→ DESCRIPTION OF THE TASK: The whole listing needs to be written out exactly, except for any images.

DATASET EXCERPT: Begin

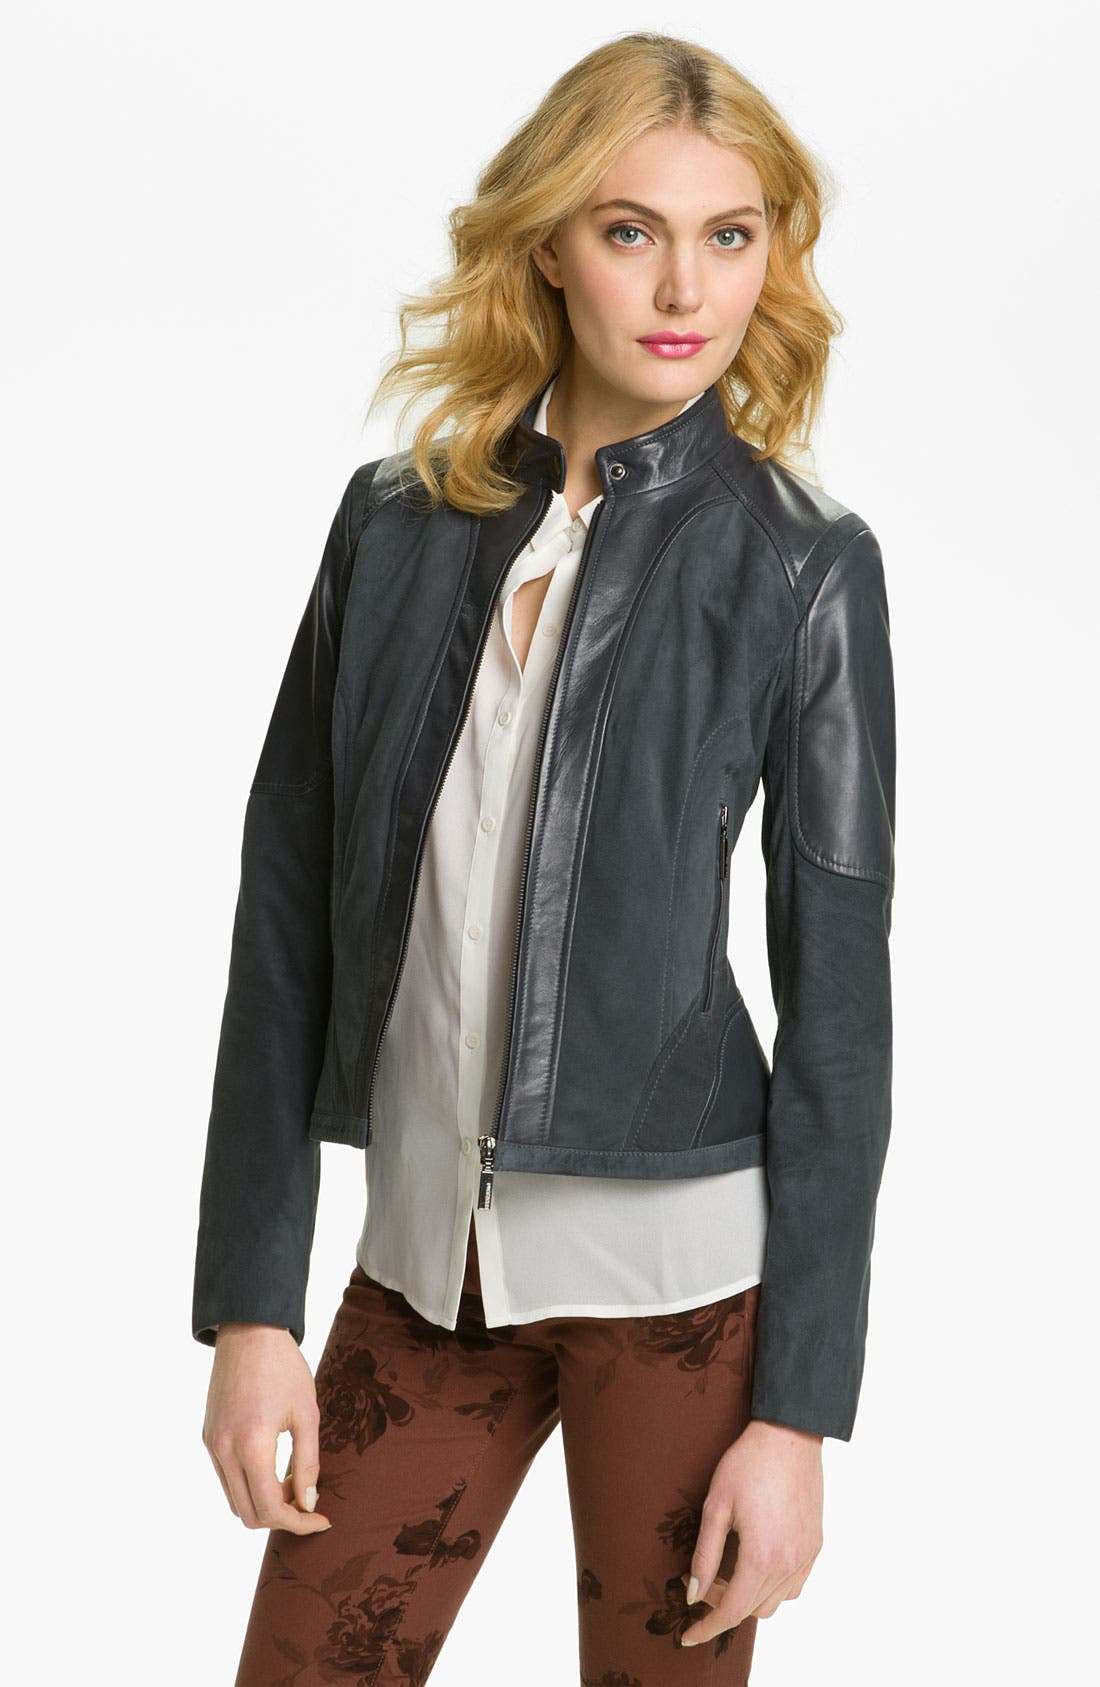 Alternate Image 1 Selected - Bernardo Suede Marble Leather Jacket
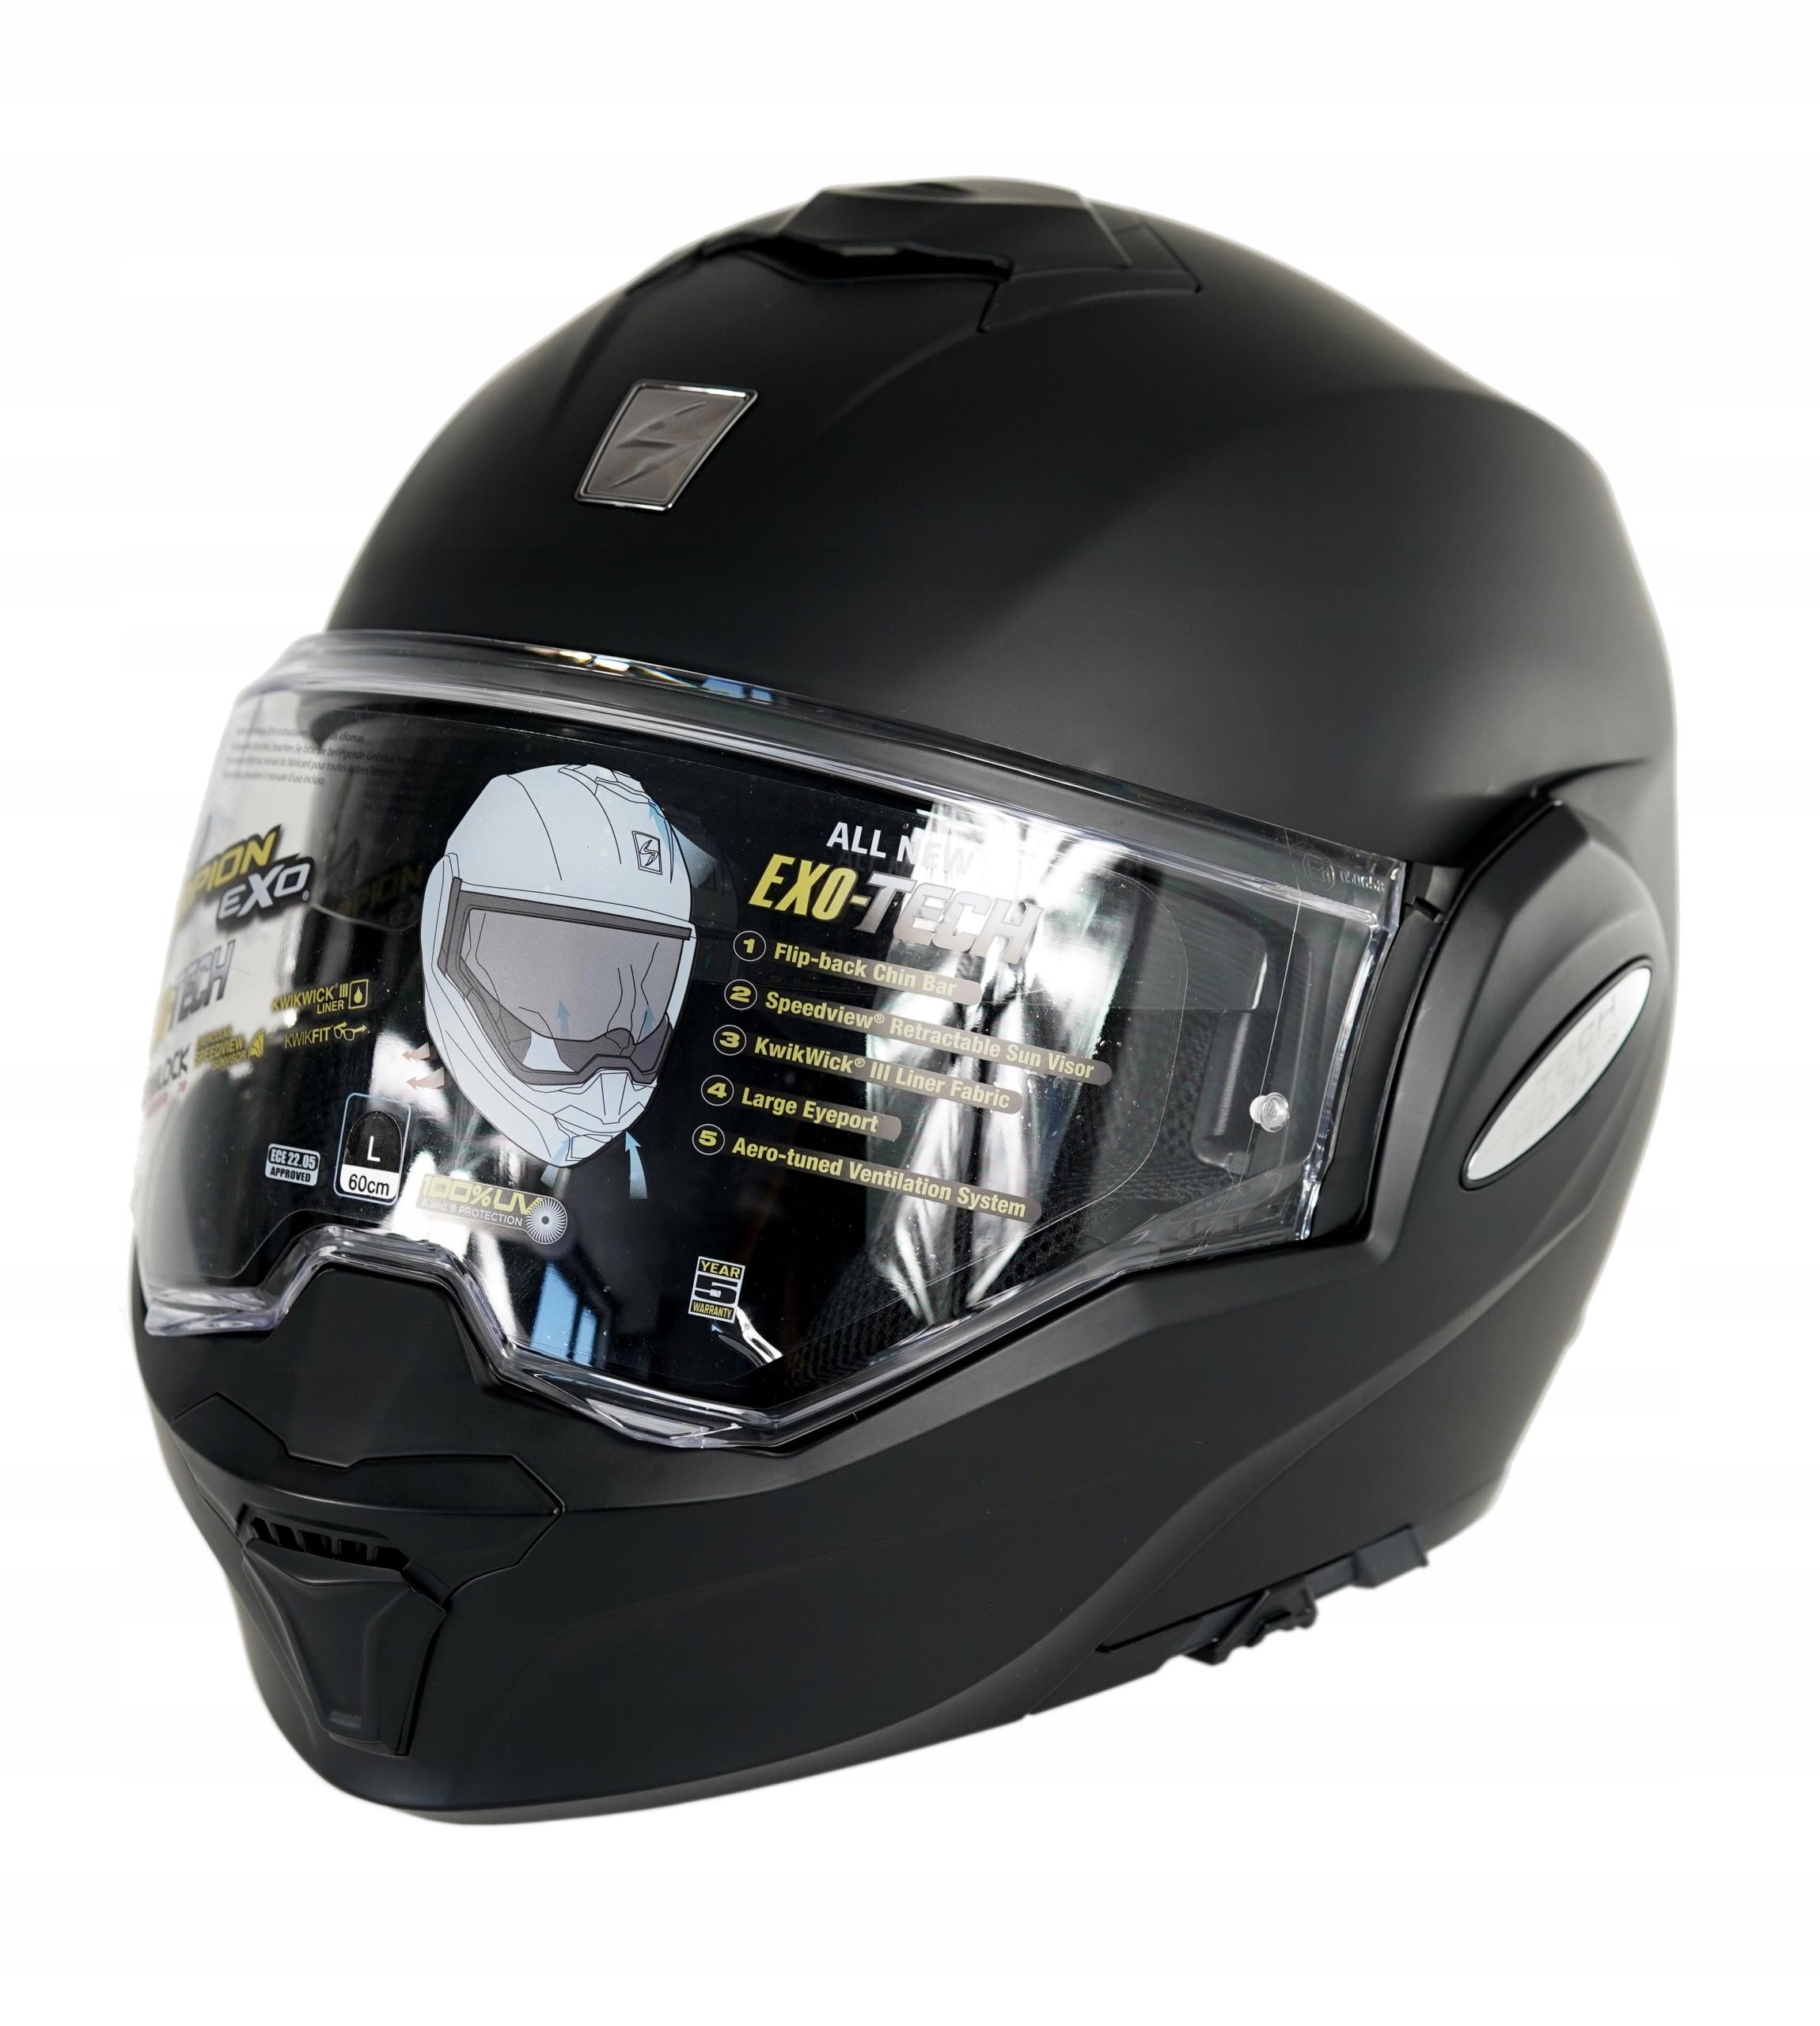 Шлем Scorpion Exo Tech модульная ECE pinlock диафрагмы
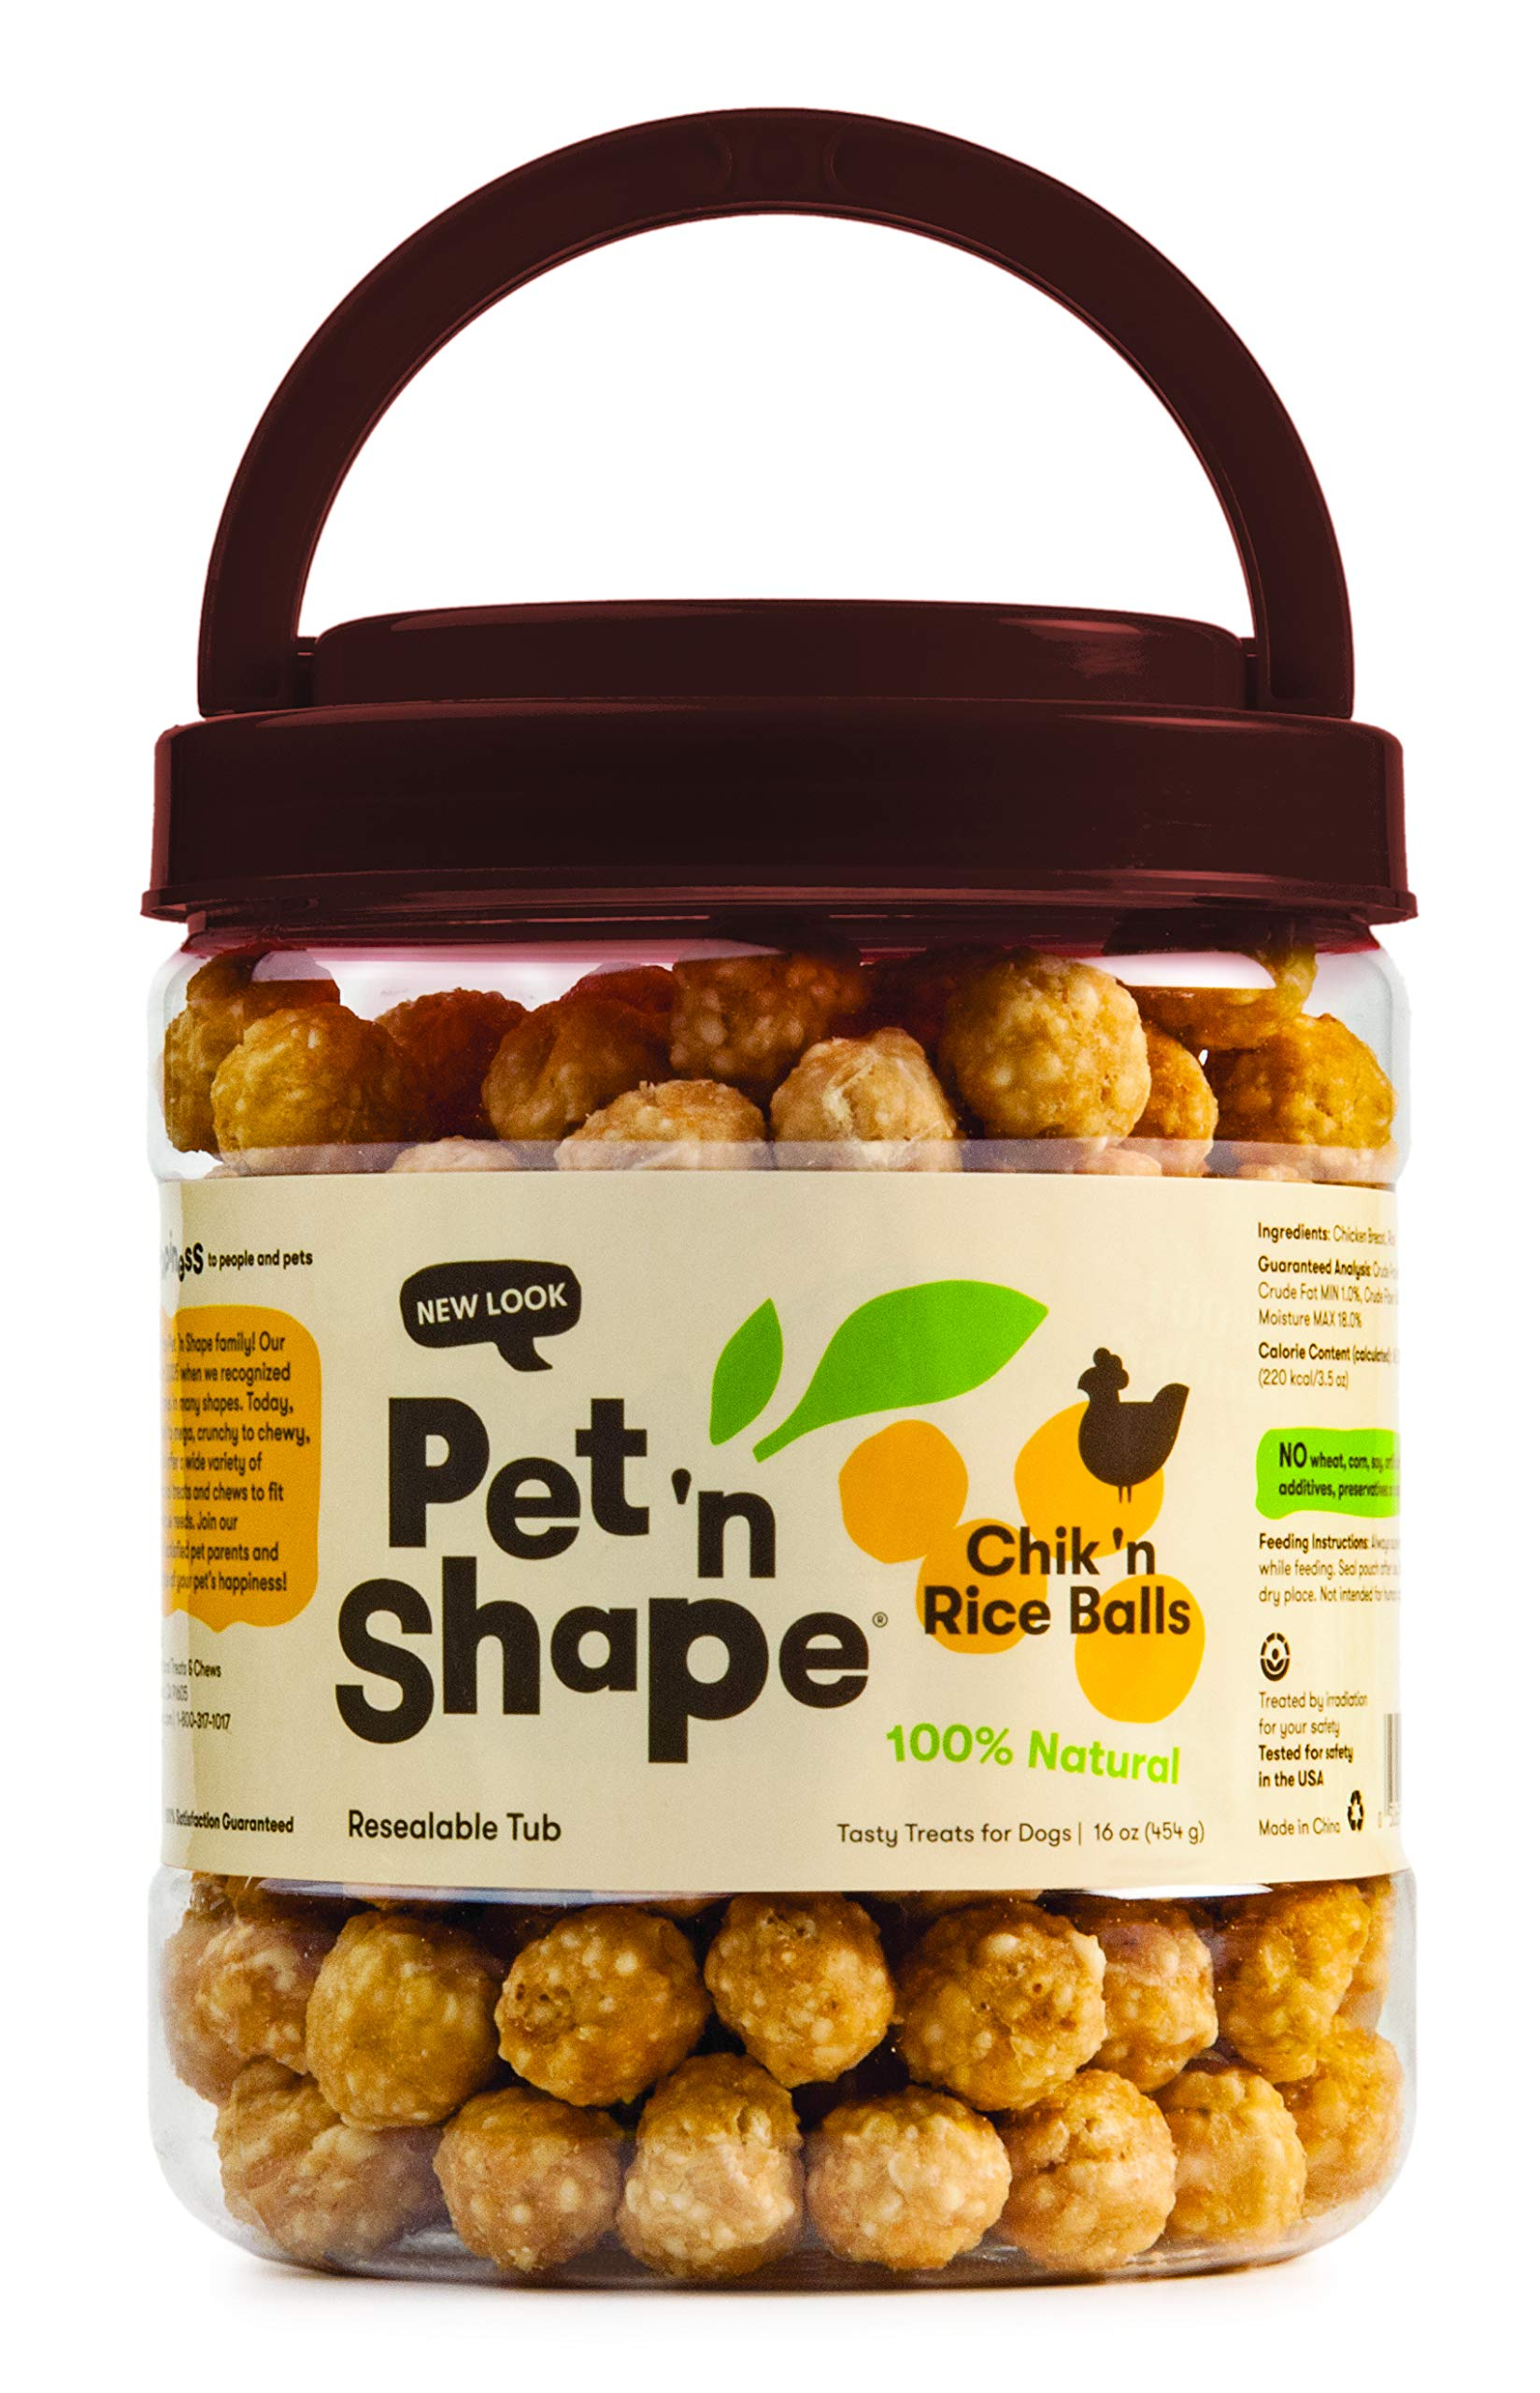 Pet 'n Shape Chik 'n Rice Balls Natural Dog Treats, 1-Pound

DATASET EXCERPT: End

→ REPLY TO THE TASK:
 Alternate Image 1 Selected - Bernardo Suede Marble Leather Jacket
 Шлем Scorpion Exo Tech модульная ECE pinlock диафрагмы
 Pet 'n Shape Chik 'n Rice Balls Natural Dog Treats, 1-Pound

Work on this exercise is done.